Exactly, to get costs down to in state UD it will most likely be less selective than UD. My daughter turned down Rutgers (66% acceptance rate) for UD (72% acceptance rate) because she liked it better, she turned down Villanova (20% acceptance rate) because it would’ve cost 3x as much.
Many of us have similar stories.
My daughter is where she wanted to be from day one - but that school is 16th if the 17th she got into - rank wise.
Her program, like many colleges, also has extra enrichment opportunities for those who stand out vs the rest of the student body.
OP will learn in life it’s about him, more than the name. And for grad school - about a gpa and test.
The truth is - if he has UD and ten high reaches - he’s still fine. He just needs a thick skin.
But balancing with a more realistic list would be wise.
Too many families are way over strapping their kids expectation wise.
The ‘where someone belongs’ should matter. A name does nothing for you for the four years you are there. Is Delaware the right size / environment or an urban Penn or rural Dartmouth or suburban and cute town Princeton or near downtown CWRU - I don’t know.
But I’d start there - with learning the type of environment, weather, size, etc and worry about names later.
For me UMD is a hard safety.
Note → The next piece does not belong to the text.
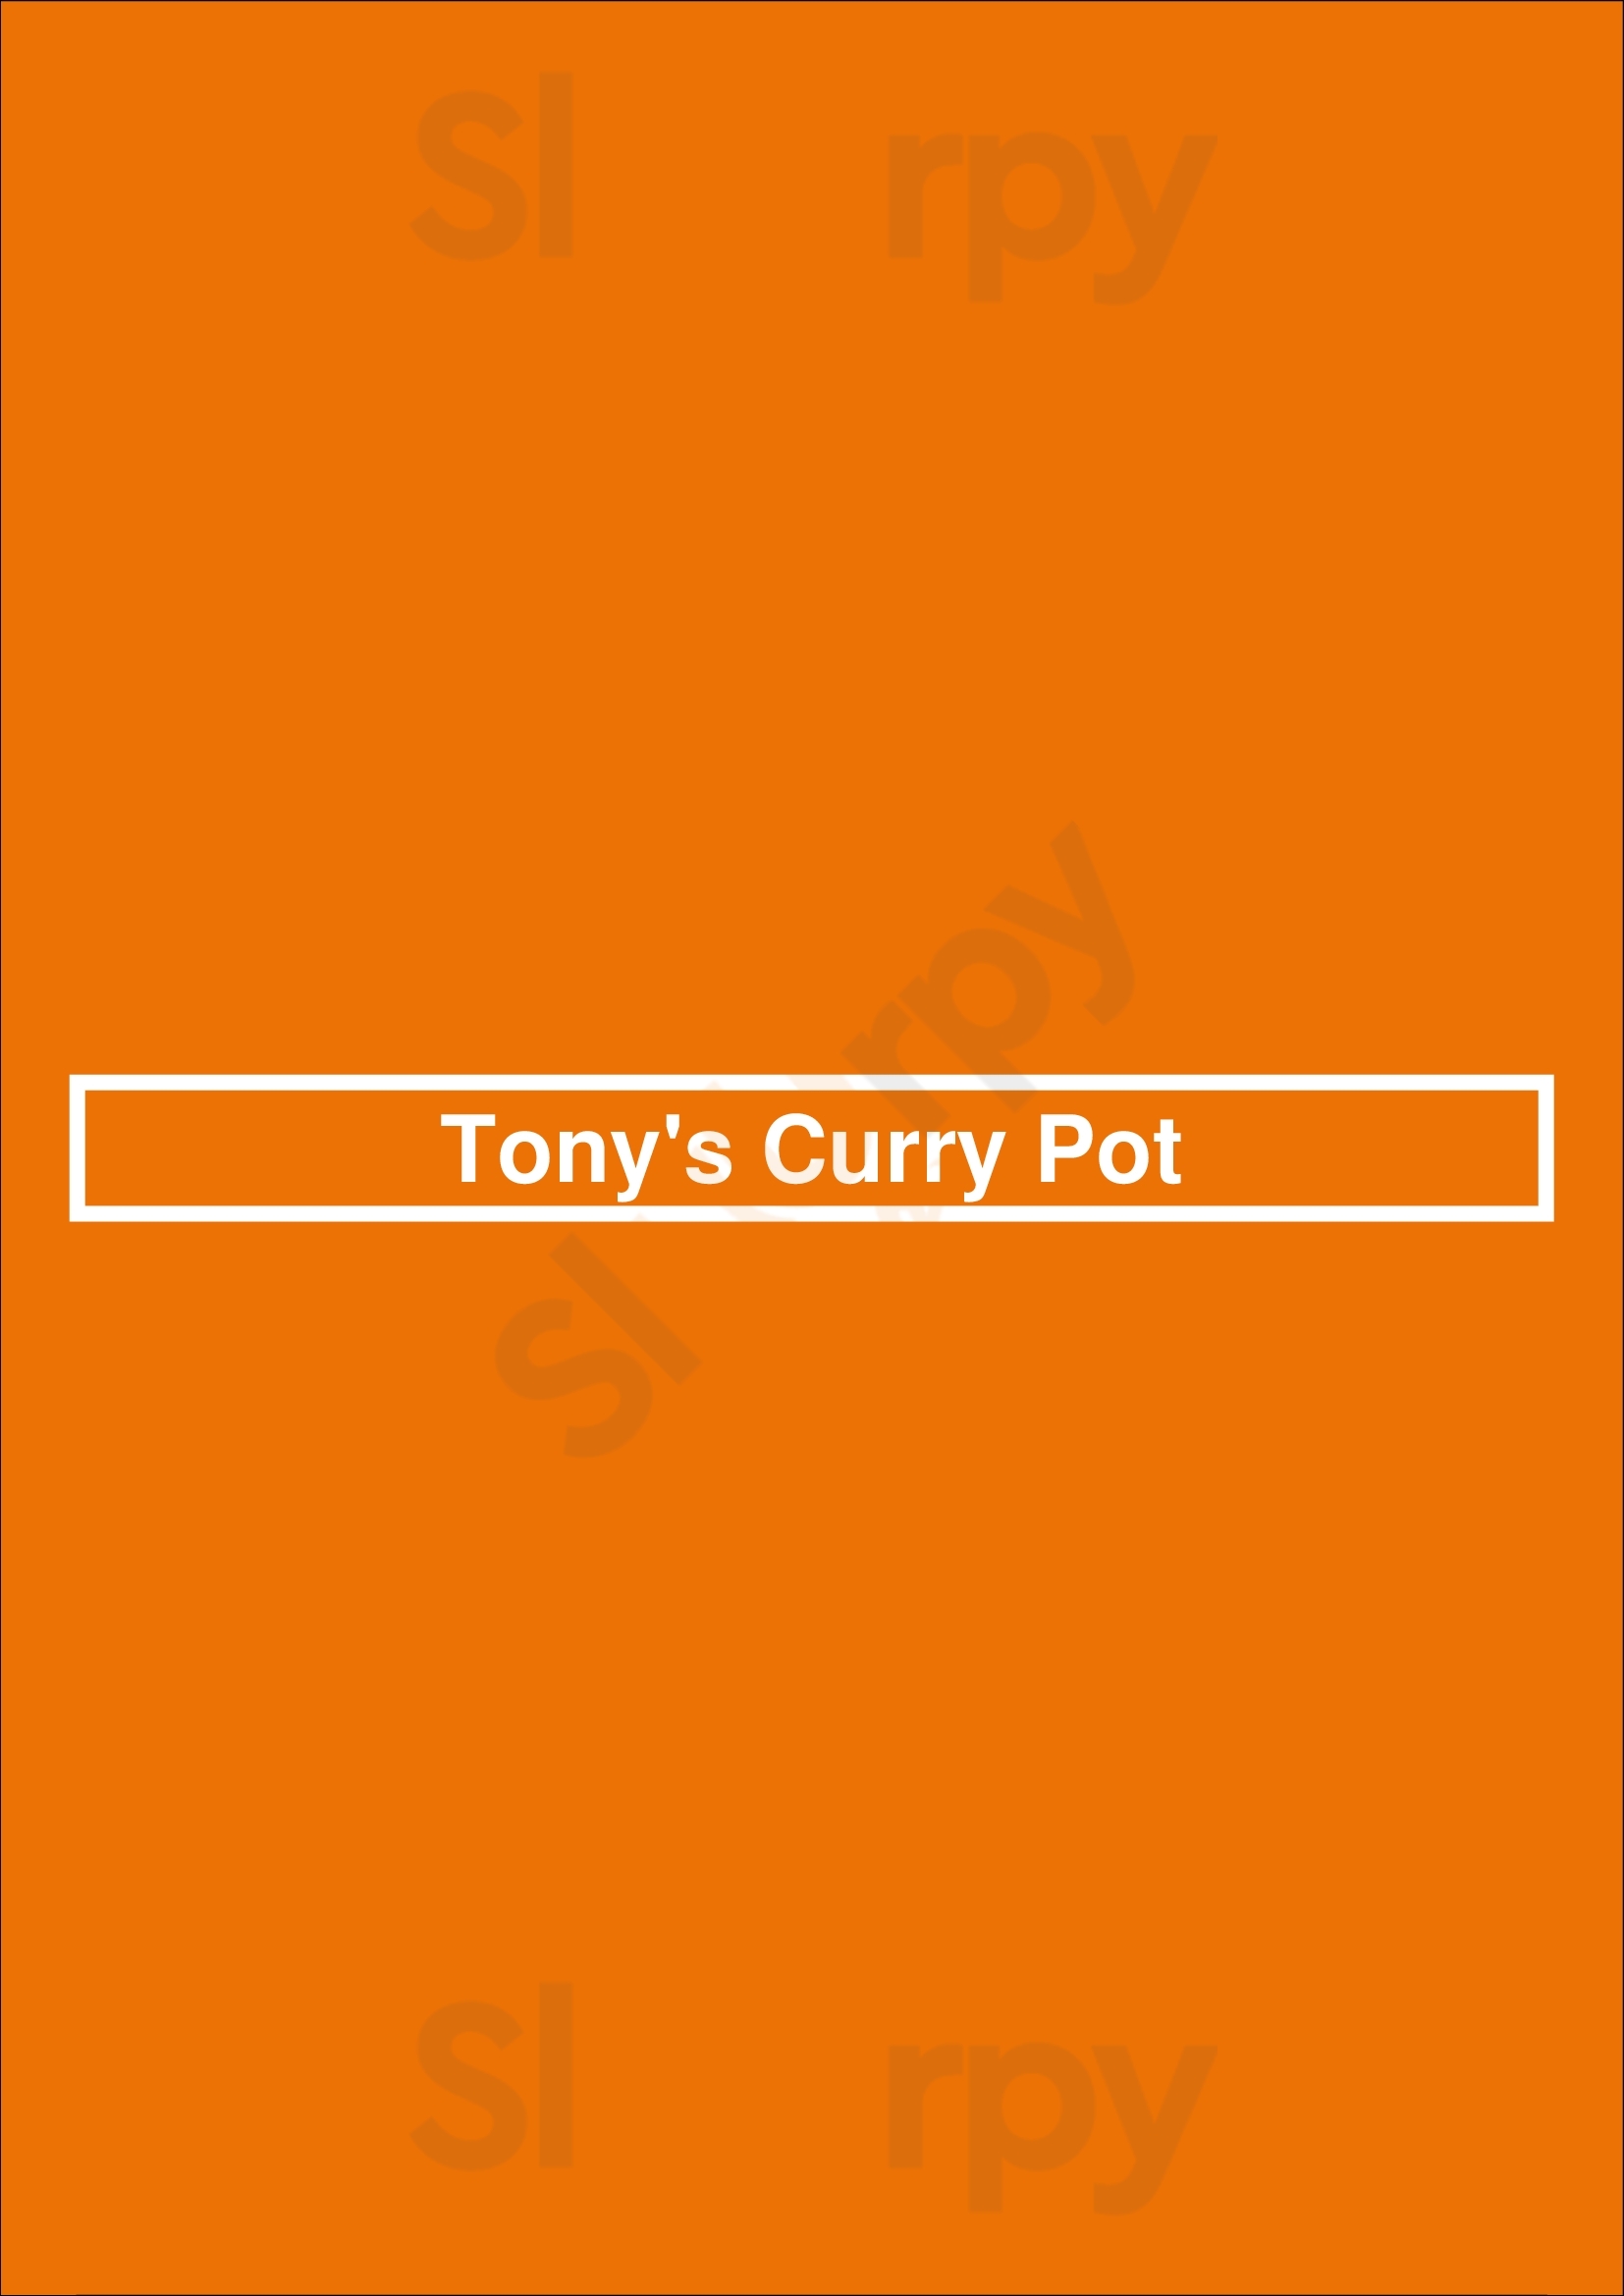 Tony's Curry Pot Bury Menu - 1

I got told by my consuler and a lot of different people that I can get into UMD +maybe merit if they offer it. I know people who got into UMD CS with a lot weaker stats than me (3.6 + only 6 APs throughout HS) and nowhere close the ECs that I am doing. For me UMD is a true safety.
That cool. I’ll look into it.
Grad school is much more than gpa and test scores. Many do not even require a test (some might).
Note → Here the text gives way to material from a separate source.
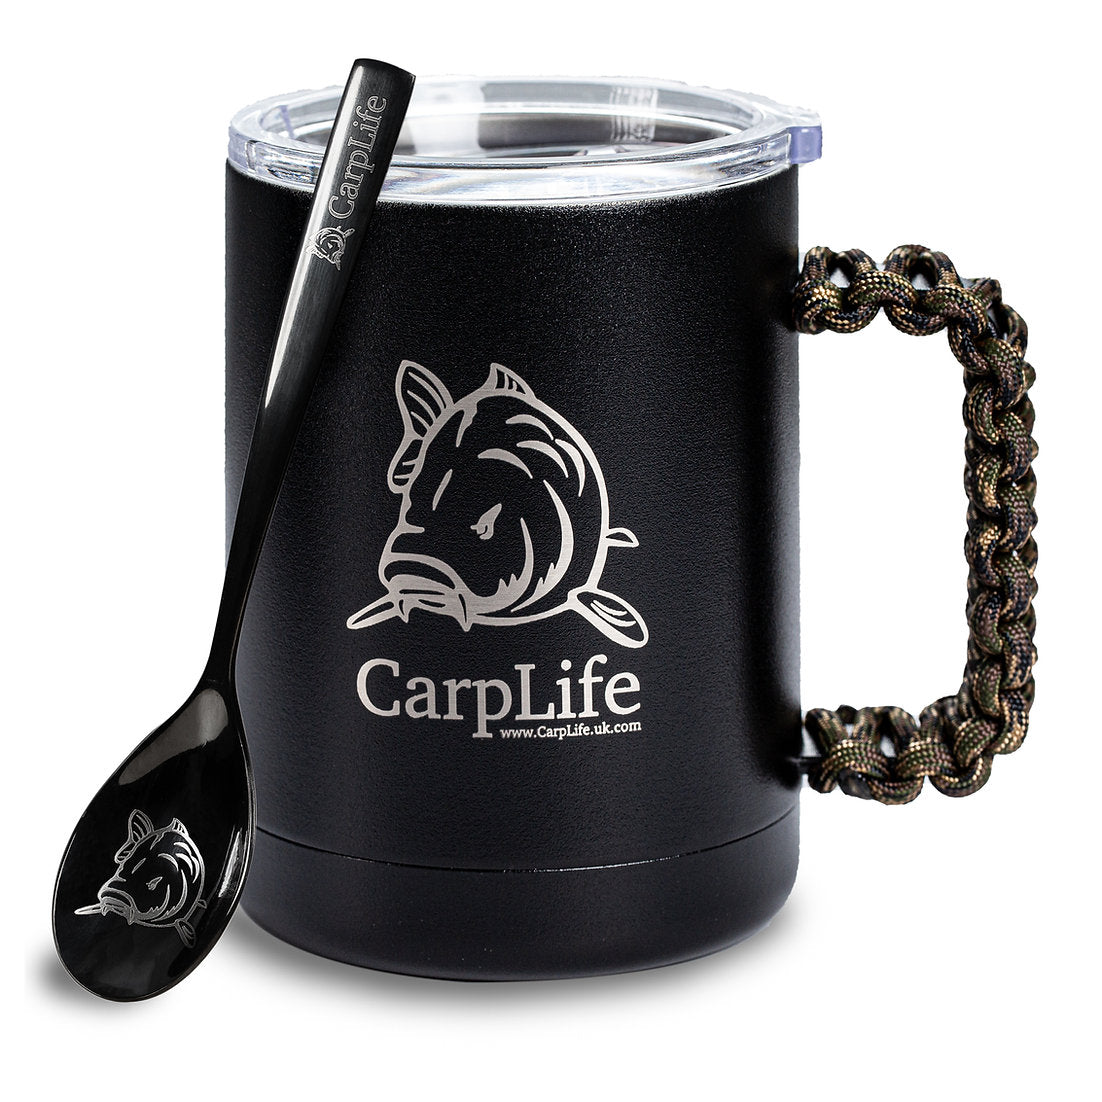 CarpLife Thermal Mug & Carpy Spoon

Grad school is about experiences, personalized letters of recommendation, research, personal statements etc.
Thanks for the feedback. UD research is always nice. I am going to try my best for test score and hope for the best
You are OOS for UMd and would need significant merit. It is not a safety when you need about $30,000 to attend.
Does your guidance counselor know that you need a tremendous merit award to attend?
The paper is related tho behavioral neuroscience. The topical process is the same for any other journal .I have talked to people who got published into actually journals that have an impact factor and are not only for High schoolers.
Why do you think HS have to do that? My kids schools (one public, one private) don’t have any indication of GPA ranges on profile or anywhere. One of the schools (private) doesn’t even calculate GPA. none of the local PS profiles have this. It only hurts students.
Ohh I understand what you mean now. Yeah thats true. At this point UD looks like the best option.
I did not really look in to LACs right now but I find that might be more of a thign I have too look at. Thanks!
Then plan to apply in the early round because UMD accepts more than 75% of their incoming freshman class in the early round.
Sorry to say, but UMD for CS is definitely not a safety. It’s actually a low reach.
I do not think it is…because affordability for you is not guaranteed.
You are going to have to go down …a lot …in selectivity in order to get costs down to UDel instate.
You are better off attending UDel as your safety and taking advantage of all that it has to offer. That will make you competitive for grad school.
Definitely true.
But college admissions will still look at applicants as part of their HS cohort, with all applicants sorted from highest GPA on down…so it can help an applicant to roughly know where they might stand.
Same thing here. Many admissions offices will calculate a GPA based their institution’s methodology, and then relative GPA in cohort is still present.
My other daughter had a 33 act, 3.9+ uwgpa (1 B freshman year) 7 AP’s, the rest honors, got into UMD OOS and was offered $3000 a year in merit. Business, not CS, CS is a tough admit at UMD. She applied to 20 schools, UMD was one of the least generous.
COA is closer to $55,000.
The OP wrote that his major will be neuroscience or molecular biology, not CS.
The OP indicated earlier he has an interest in genetics (related to addiction) and is considering med school or grad school.
That’s without merit. I cannot see this student receiving $25,000 to a UMd.